Tanpa menjawab, Helen membuka kotak tersebut. Di dalamnya terdapat berbagai cat warna dengan warna yang bermacam-macam. Gue emang nggak bisa liat warna cat itu. Label warna yang tertempel di wadah itu membantu gue mengenali warna-warni cat itu.

“Cat warna?”

“Eum, dengan cat warna ini, aku jadi lebih mudah buat ngenalin kamu berbagai warna,” jawab Helen ramah.

Gue tersenyum tipis. “Tapi Len, aku nggak bisa liat warna cat it—loh?”

Gue tercekat. Nggak, gue nggak mungkin salah liat tadi. Tadi bener-bener jelas kalo...

“Apa?” tanya Helen bingung dengan masih menggenggam cat warna tadi.

“Ta-tadi cat itu nggak berwarna. Tapi pas kamu pegang, tiba-tiba keluar warnanya,” ucap gue gemetar.
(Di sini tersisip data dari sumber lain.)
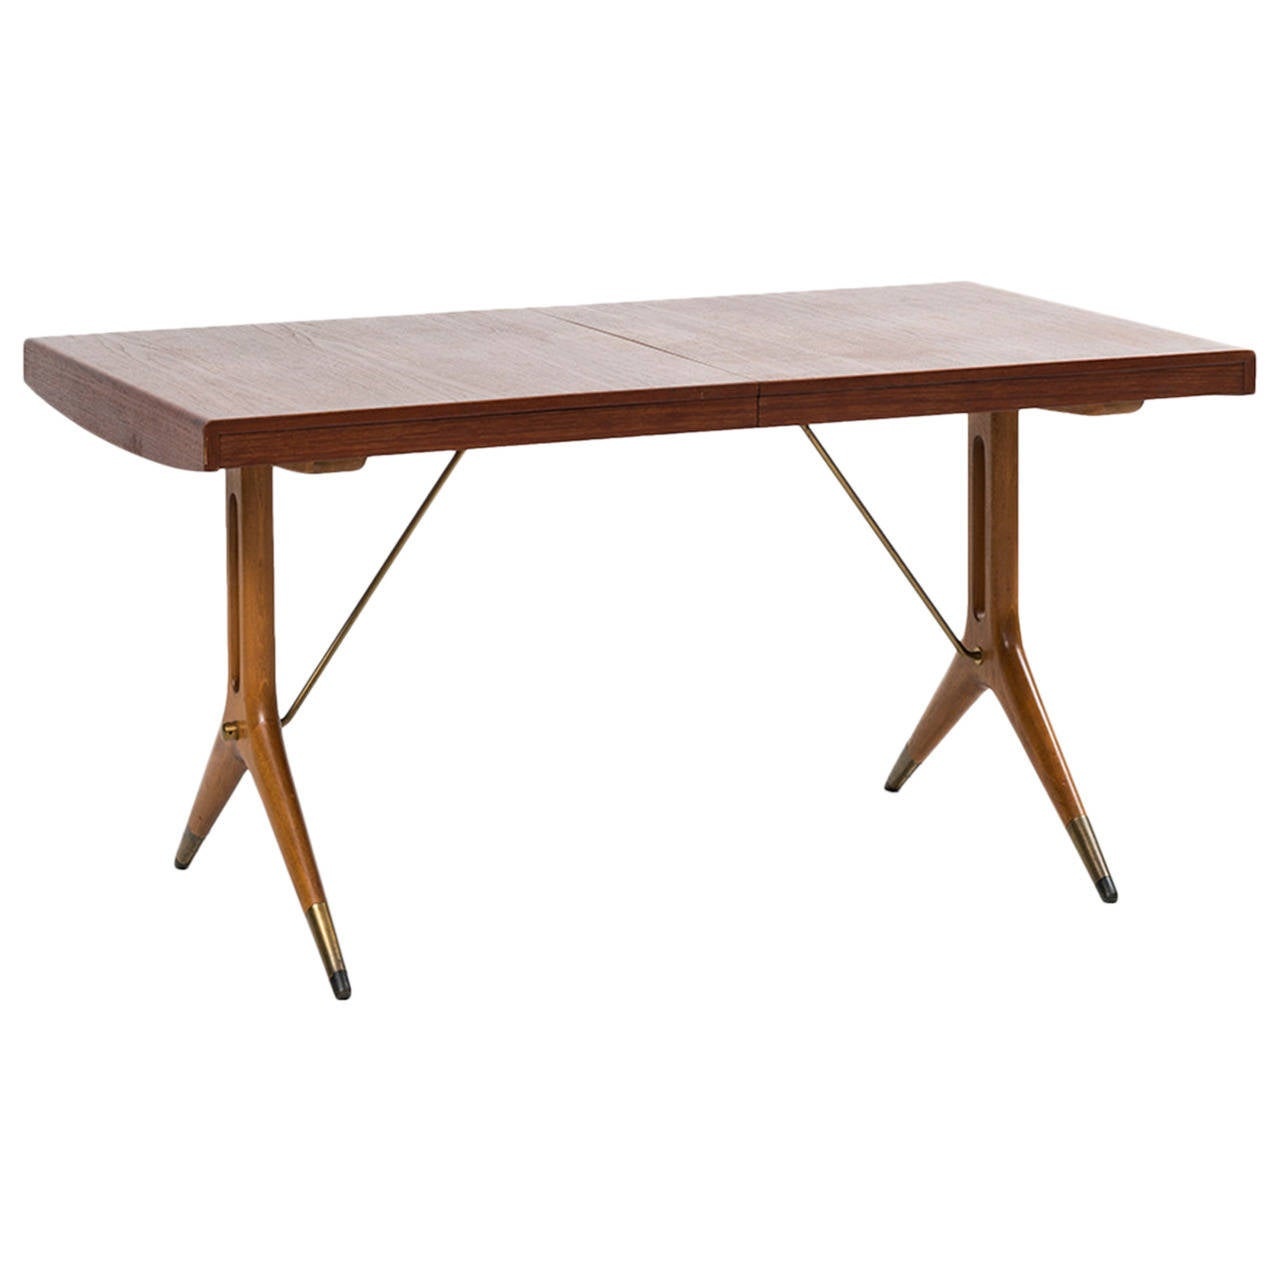 David Rosén Napoli Dining Table by Nordiska Kompaniet in Sweden

Helen sontak melepaskan cat warna di tangannya. Cat itu jatuh ke dalam kotak dan otomatis warnanya menghilang. Helen tertegun, sama kaya gue. Kita bener-bener syok. Gue serius. Tadi cat warna itu jelas muncul warnanya pas Helen pegang.

“Aksel jangan bercanda gitu dong. Aku jadi takut tau,” ucap Helen agak panik.

“Se-serius, Len. Aku benar-benar liat kaya gitu tadi. Maaf, aku nggak bermaksud bikin kamu takut.”

Gue nggak boleh bikin Helen panik. Dia udah berusaha bantu gue. Gue nggak boleh bikin dia takut kaya gini. Tapi ... Astaga ... Gue bener-bener speechless sama Helen. Dia, dia siapa si sebenarnya?

Helen menarik nafas lalu membuangnya pelan. “Oke, malah kebetulan kan? Aku jadi lebih gampang ngenalin warna ke kamu. Tinggal pegang aja terus muncul deh warnanya. Wih, aku jadi ngerasa kaya pesulap sekarang.”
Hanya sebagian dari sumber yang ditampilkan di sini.